The 82d Airborne Division landed at Casablanca, 10 May 1943, and trained. Elements first saw combat in Sicily, when the 505th RCT and part of the 504th dropped behind enemy lines, 9-10 July 1943, at Gela. The remainder of the 504th RCT dropped, 11-12 July 1943, also near Gela, after running friendly naval and ground force fire. Scattered elements formed and fought as ground troops. The elements were flown back to Tunisia for reequipment and returned to Sicily to take off for drop landings on the Salerno beachhead. The 504th Parachute Infantry dropped, 13 September 1943, and the 505th the following night; the 325th landed by boat. These elements bolstered Salerno defenses and fought their way into Naples, 1 October 1943. After a period of occupation duty (and combat for some elements in the Volturno Valley and Anzio beachhead), the Division moved to Ireland, November 1943, and later to England, February 1944, for additional training. Moving in by glider and parachute, troops of the 82d dropped behind enemy lines in Normandy on D-day, 6 June 1944, before ground troops hit the beaches. Cutting off enemy reinforcements, the Division fought its way from Carentan to St. Sauveur-le-Vicomte, fighting 33 days without relief. Relieved on 8 July, it returned to England for refitting. On 17 September, it was dropped at Nijmegen, 50 miles behind enemy lines, and captured the Nijmegen bridge, 20 September, permitting relief of British paratroops by the British 2d Army. After heavy fighting in Holland, the Division was relieved 11 November and rested in France. It was returned to combat, 18 December 1944, to stem the von Rundstedt offensive, blunting the northern salient of the Bulge. It punched through the Siegfried Line in early February 1945, and crossed the Roer, 17 February. Training with new equipment in March, the Division returned to combat, 4 April, patrolling along the Rhine, securing the Koln area, later moving across the Elbe, 30 April, into the Mecklenburg Plain, where, 2 May 1945, the German 21st Army surrendered.

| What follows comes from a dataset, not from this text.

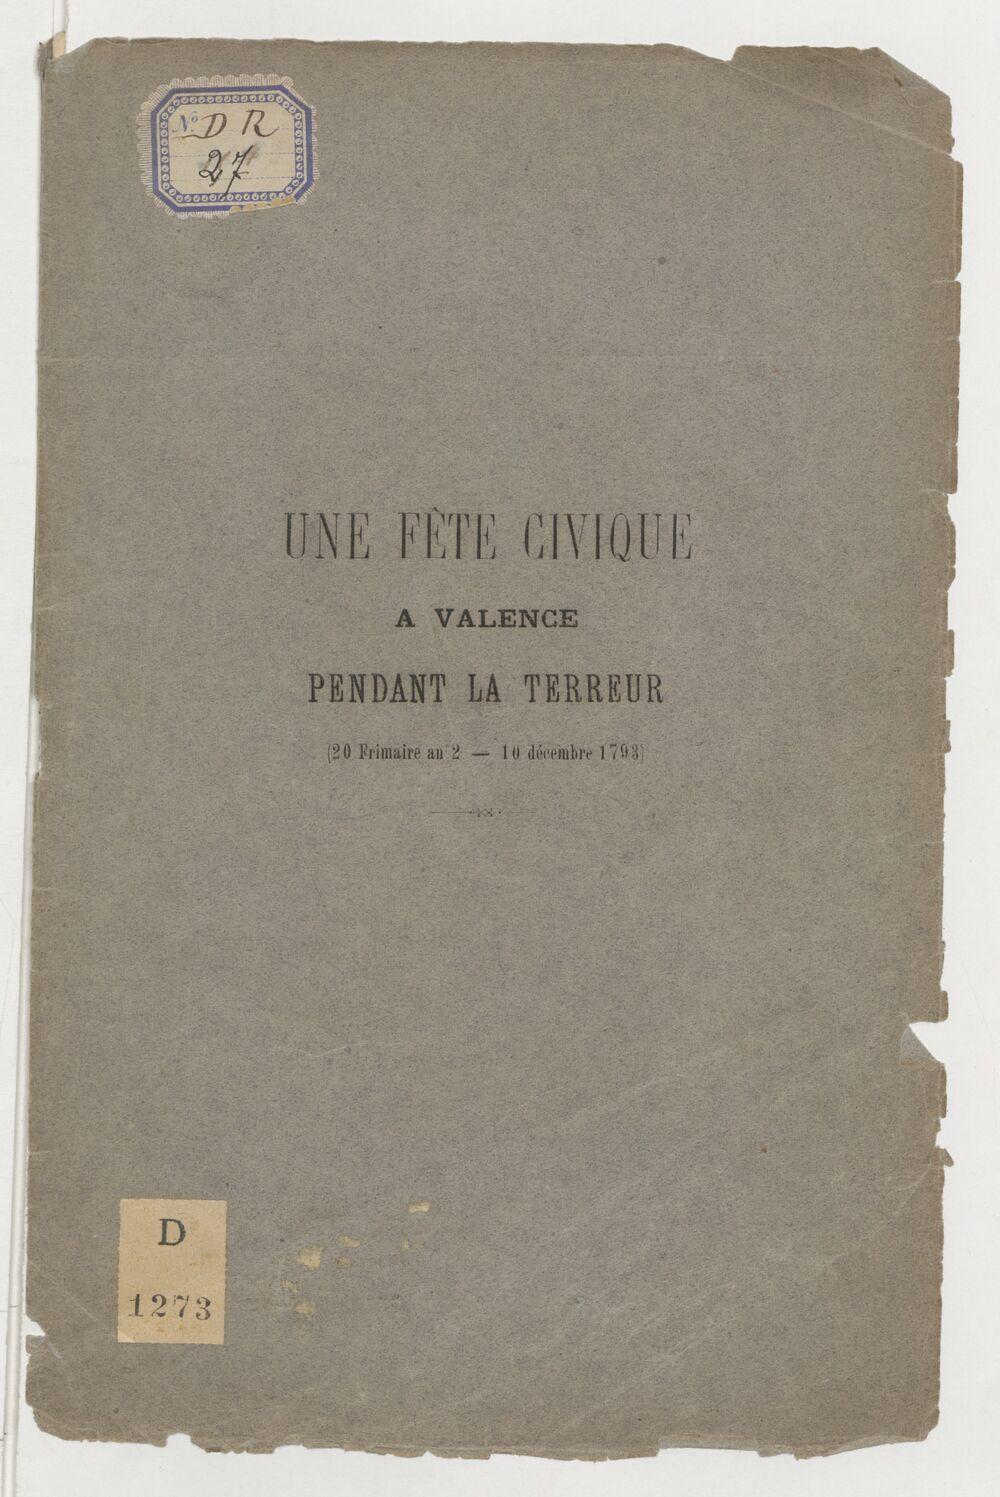 Une fête a [sic] Valence pendant la Terreur. (20 frimaire an 2 - 10 décembre 1793) / Ad. Rochas

La 82ème division aéroportée a atterri à Casablanca le 10 mai 1943 et s'est entraînée. Les éléments ont d'abord été combattus en Sicile, lorsque le 505ème RCT et une partie du 504ème ont été largués derrière les lignes ennemies, du 9 au 10 juillet 1943, à Gela. Le reste de la 504ème RCT est tombé, du 11 au 12 juillet 1943, également près de Gela, après des tirs amicaux contre des forces navales et terrestres. Des éléments épars se sont formés et se sont battus en tant que troupes au sol. Les éléments ont été rapatriés en Tunisie pour le rééquipement et sont retournés en Sicile pour décoller pour atterrir sur la tête de pont de Salerne. Le 504th Infantry Parachute Infantry est tombé le 13 septembre 1943 et le 505ème le lendemain soir; la 325ème atterrit en bateau. Ces éléments ont renforcé les défenses de Salerno et se sont introduits à Naples, le 1er octobre 1943. Après une période d'occupation (et de combat pour certains éléments dans la vallée de Volturno et la tête de pont d'Anzio), la division s'est installée en Irlande en novembre 1943 , Février 1944, pour une formation supplémentaire. Se déplaçant en planeur et en parachute, les troupes du 82d tombèrent derrière les lignes ennemies en Normandie le 6 juin 1944, avant que les troupes terrestres ne frappent les plages. En coupant les renforts ennemis, la Division se fraya un chemin de Carentan à Saint-Sauveur-le-Vicomte, combattant 33 jours sans soulagement. Soulagé le 8 juillet, il est retourné en Angleterre pour y être réaménagé. Le 17 septembre, il a été largué à Nimègue, à 50 milles derrière les lignes ennemies, et a capturé le pont de Nimègue, le 20 septembre, permettant ainsi à la 2 e armée britannique de soulager les parachutistes britanniques. Après de violents combats en Hollande, la division est soulagée le 11 novembre et se repose en France. Il fut remis au combat le 18 décembre 1944 pour endiguer l’offensive de von Rundstedt, assourdissant le saillant septentrional des Ardennes. Il a percuté la ligne Siegfried au début de février 1945 et a traversé la Roer le 17 février. S'entraînant avec de nouveaux équipements en mars, la Division est revenue au combat le 4 avril, patrouillant le long du Rhin, sécurisant la région de Koln, traversant ensuite l'Elbe le 30 avril dans la plaine de Mecklenburg où, le 2 mai 1945 s'est rendu.